» **EXERCISE PROMPT**:
Once you reach the line with "FROC plots with" below, copy each line exactly, stopping after the line with "Women’s High Waisted", and skip any pictures.

» **RECORDS**:
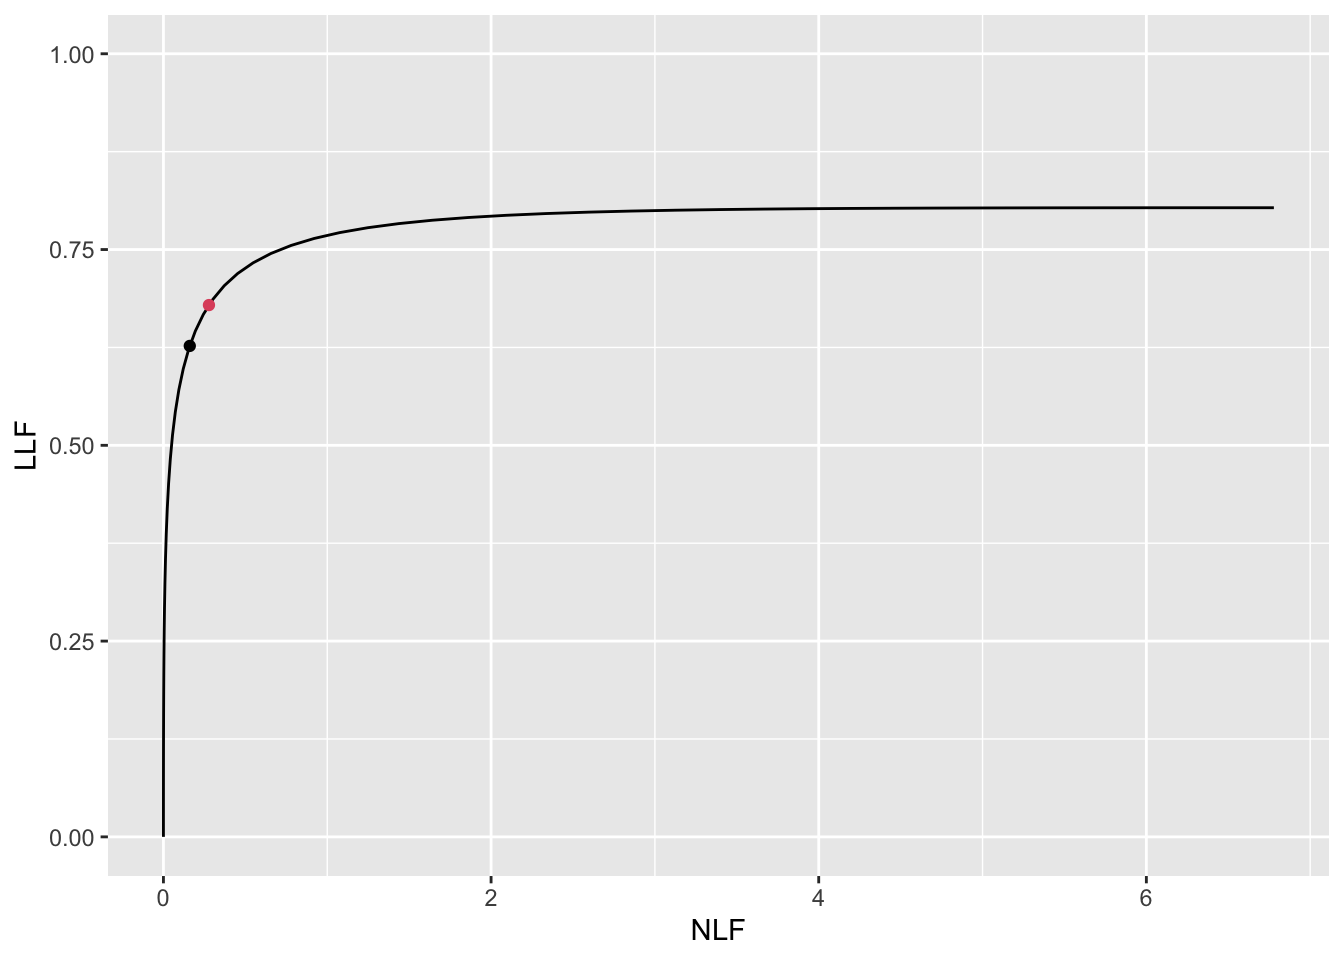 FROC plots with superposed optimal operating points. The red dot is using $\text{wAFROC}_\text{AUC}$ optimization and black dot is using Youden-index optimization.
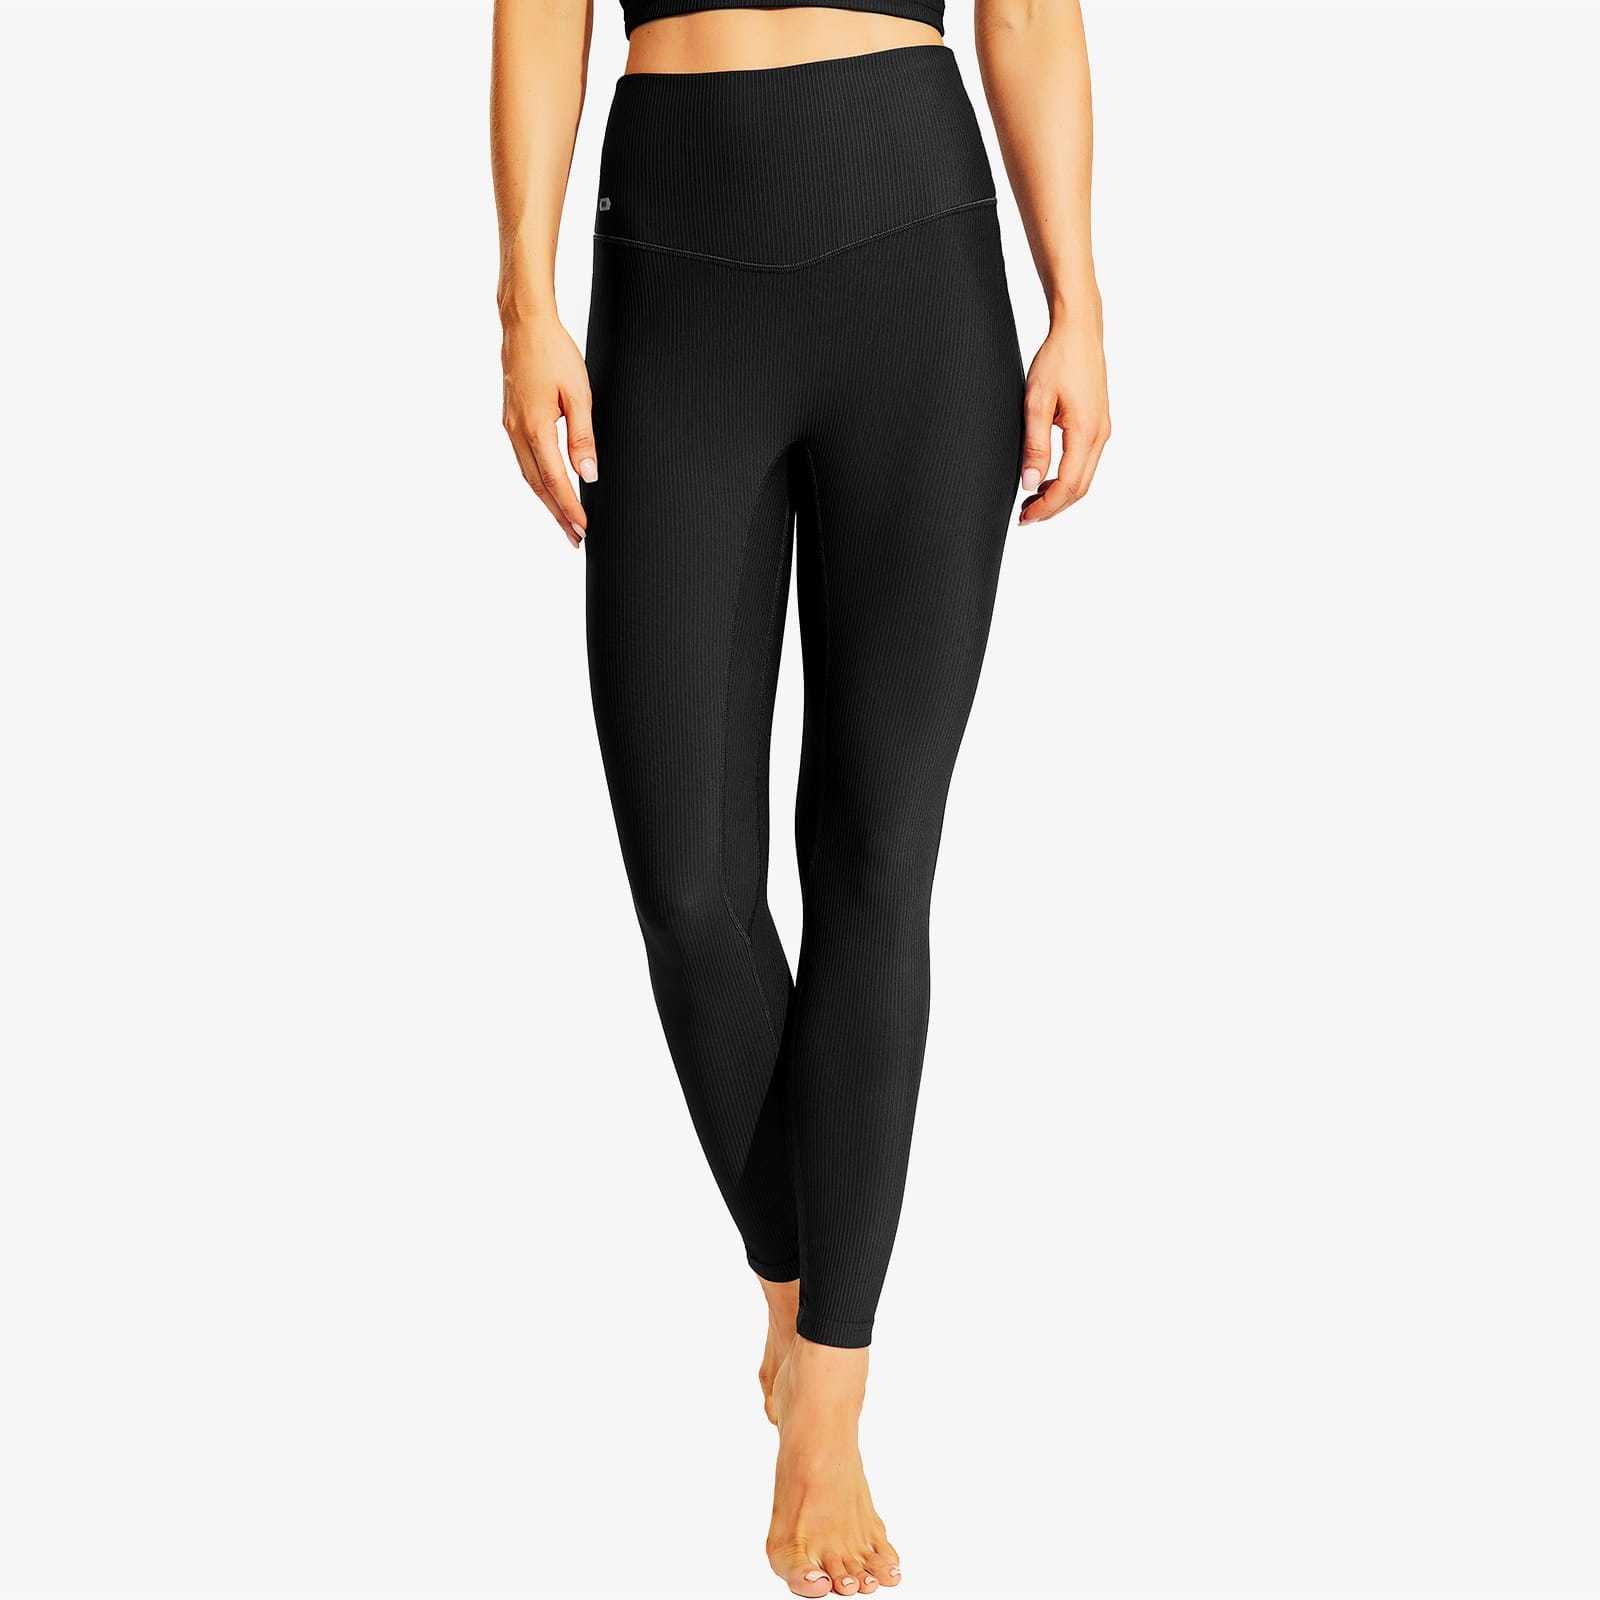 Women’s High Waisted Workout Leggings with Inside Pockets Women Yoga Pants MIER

...

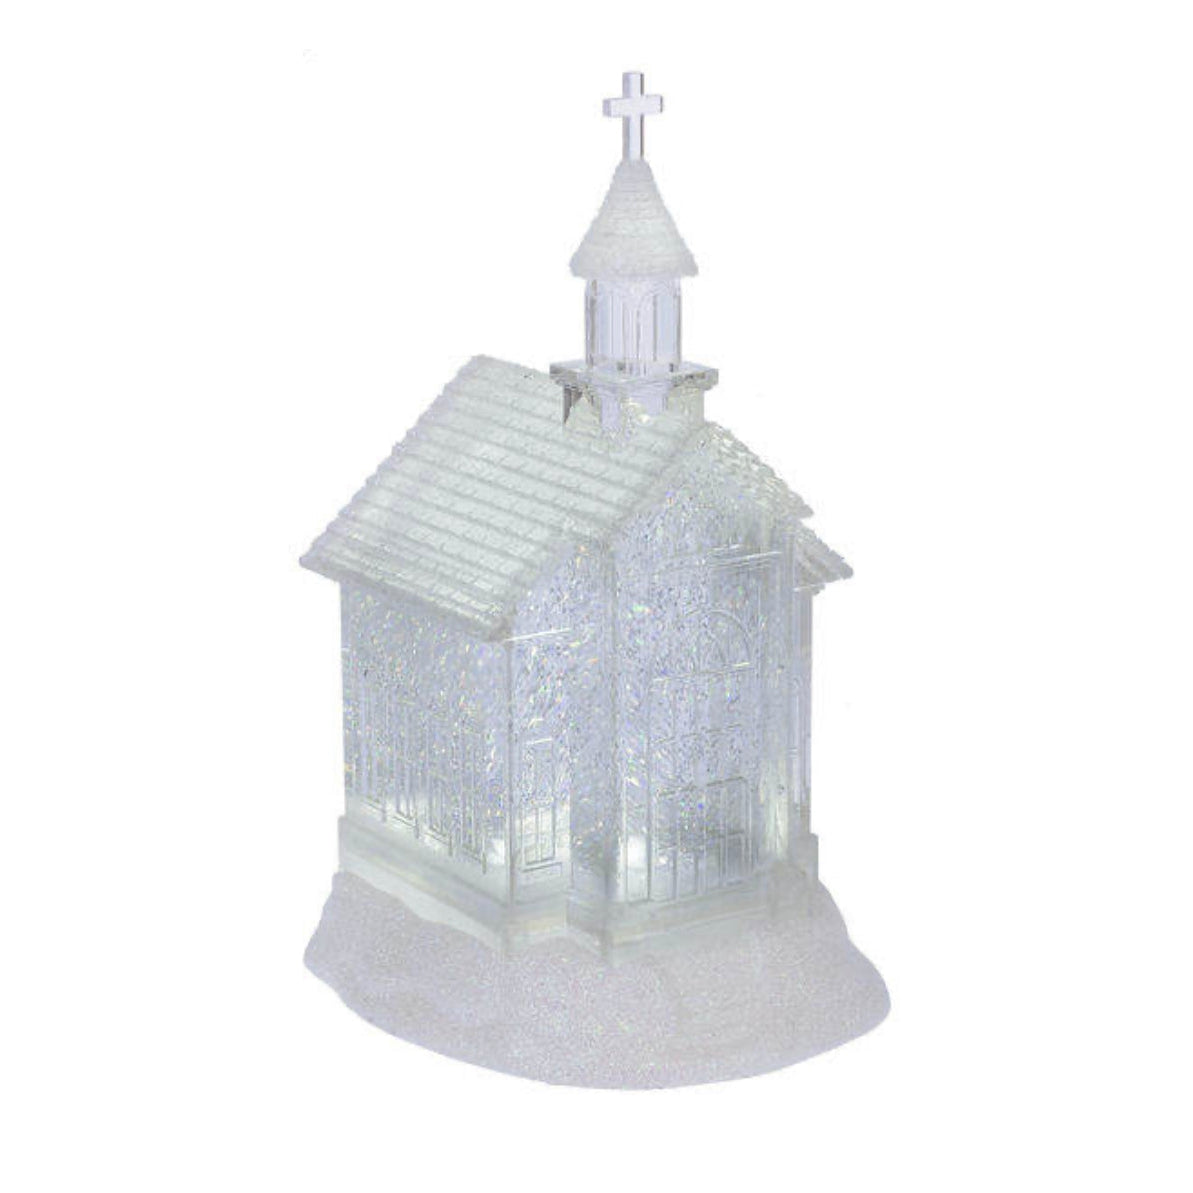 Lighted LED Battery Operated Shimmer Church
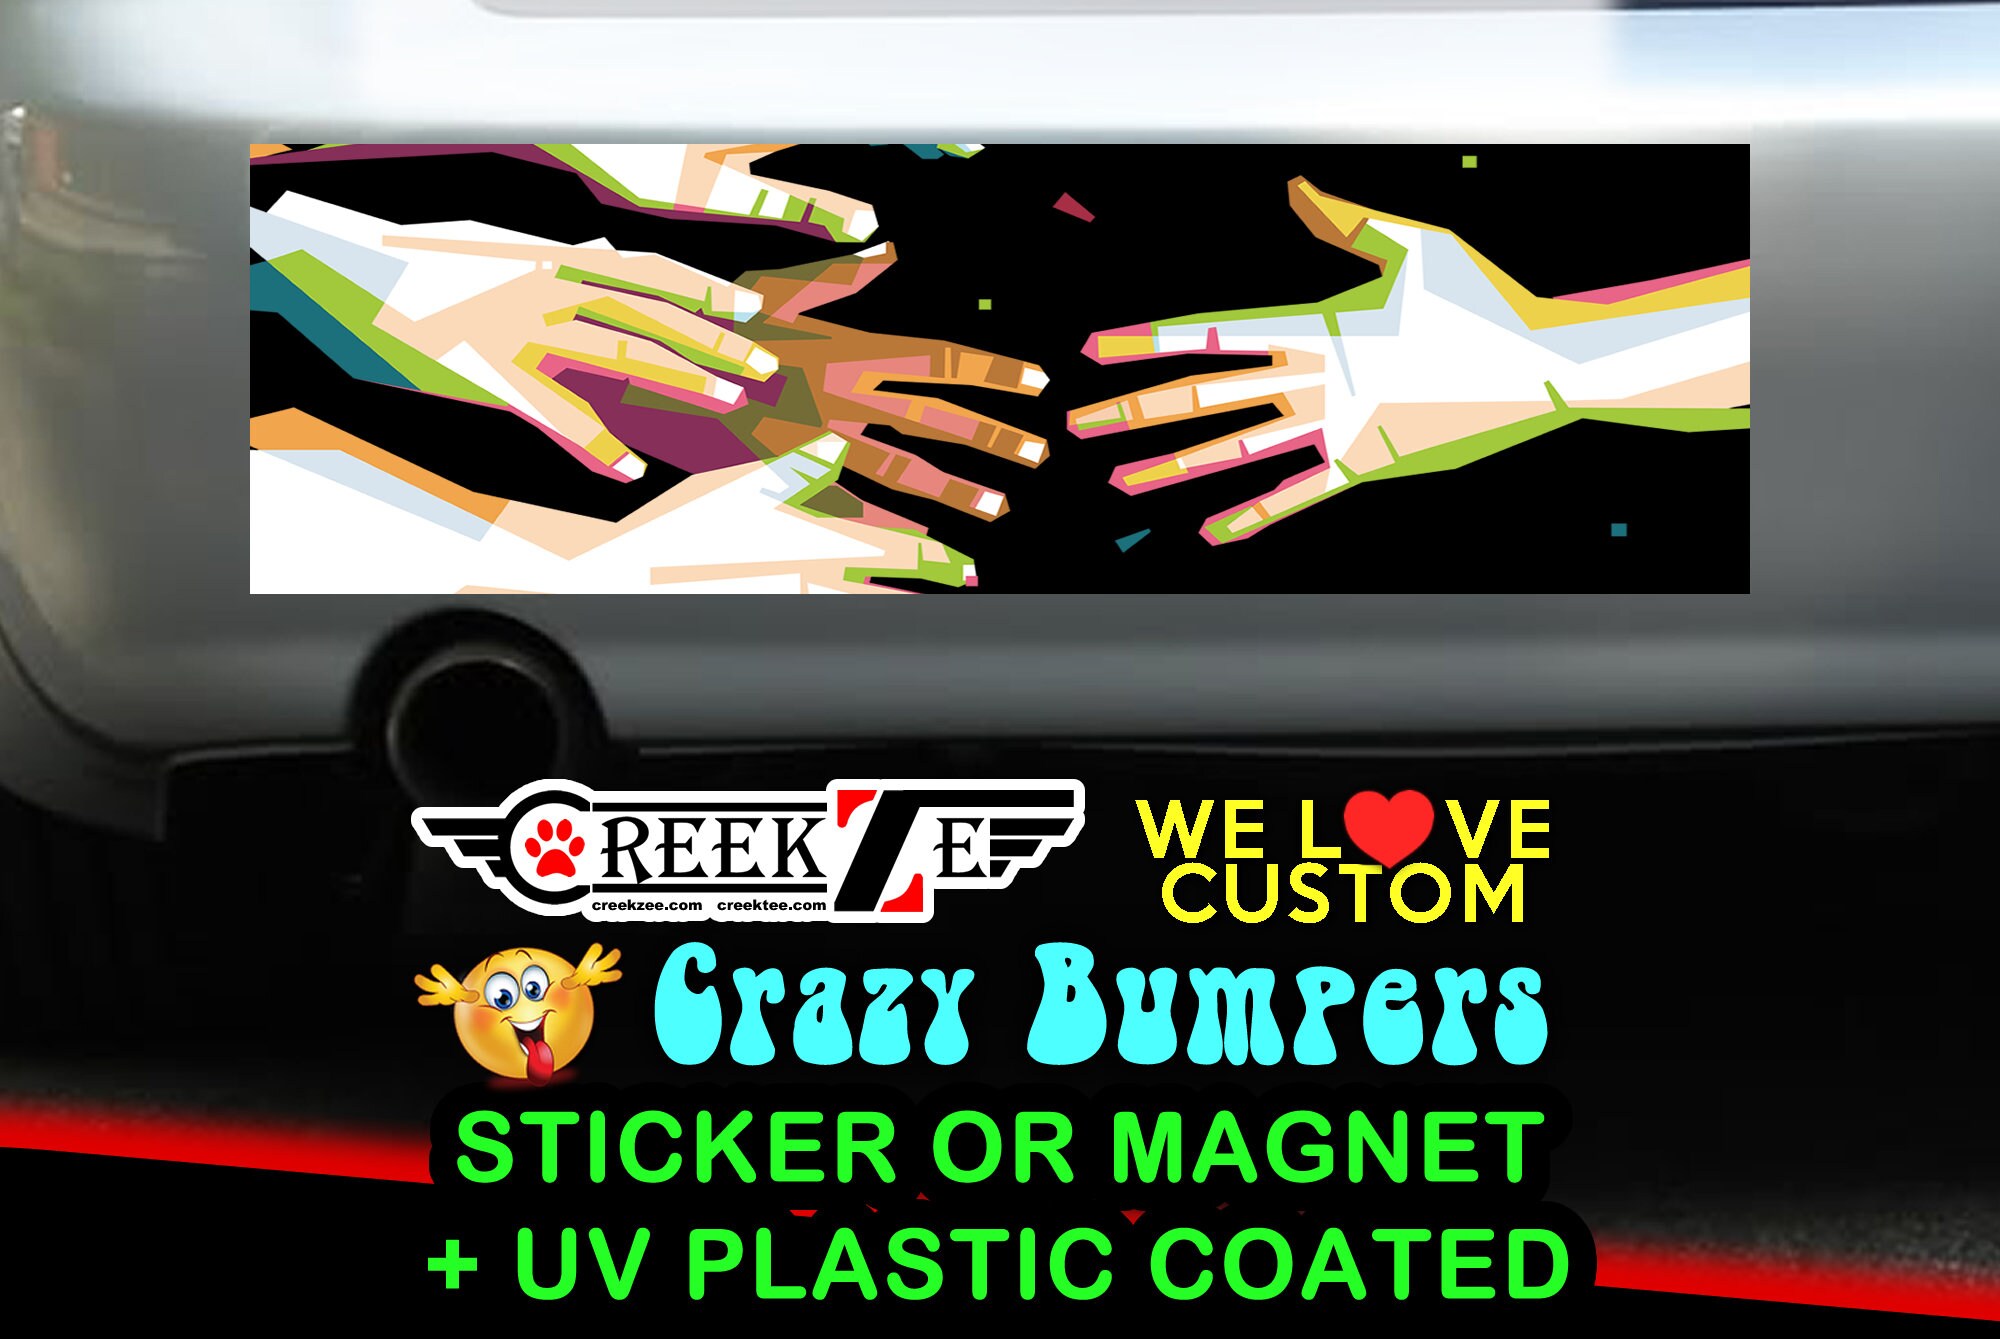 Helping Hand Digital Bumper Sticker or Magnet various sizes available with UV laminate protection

---

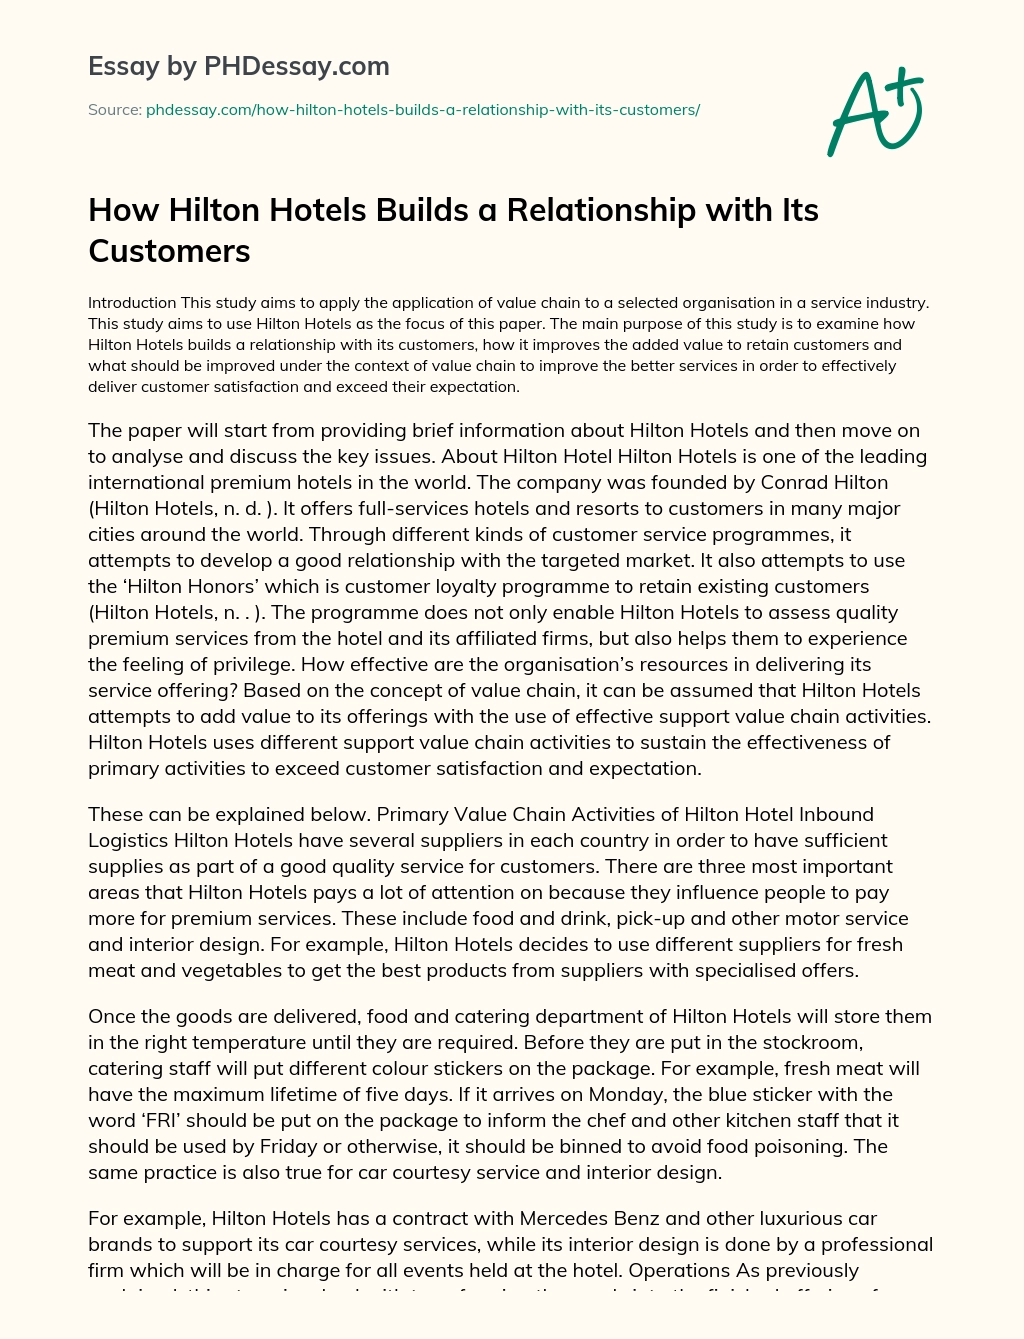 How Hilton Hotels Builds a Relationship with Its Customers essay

» **ANSWER BELOW**:
 FROC plots with superposed optimal operating points. The red dot is using $\text{wAFROC}_\text{AUC}$ optimization and black dot is using Youden-index optimization.
 Women’s High Waisted Workout Leggings with Inside Pockets Women Yoga Pants MIER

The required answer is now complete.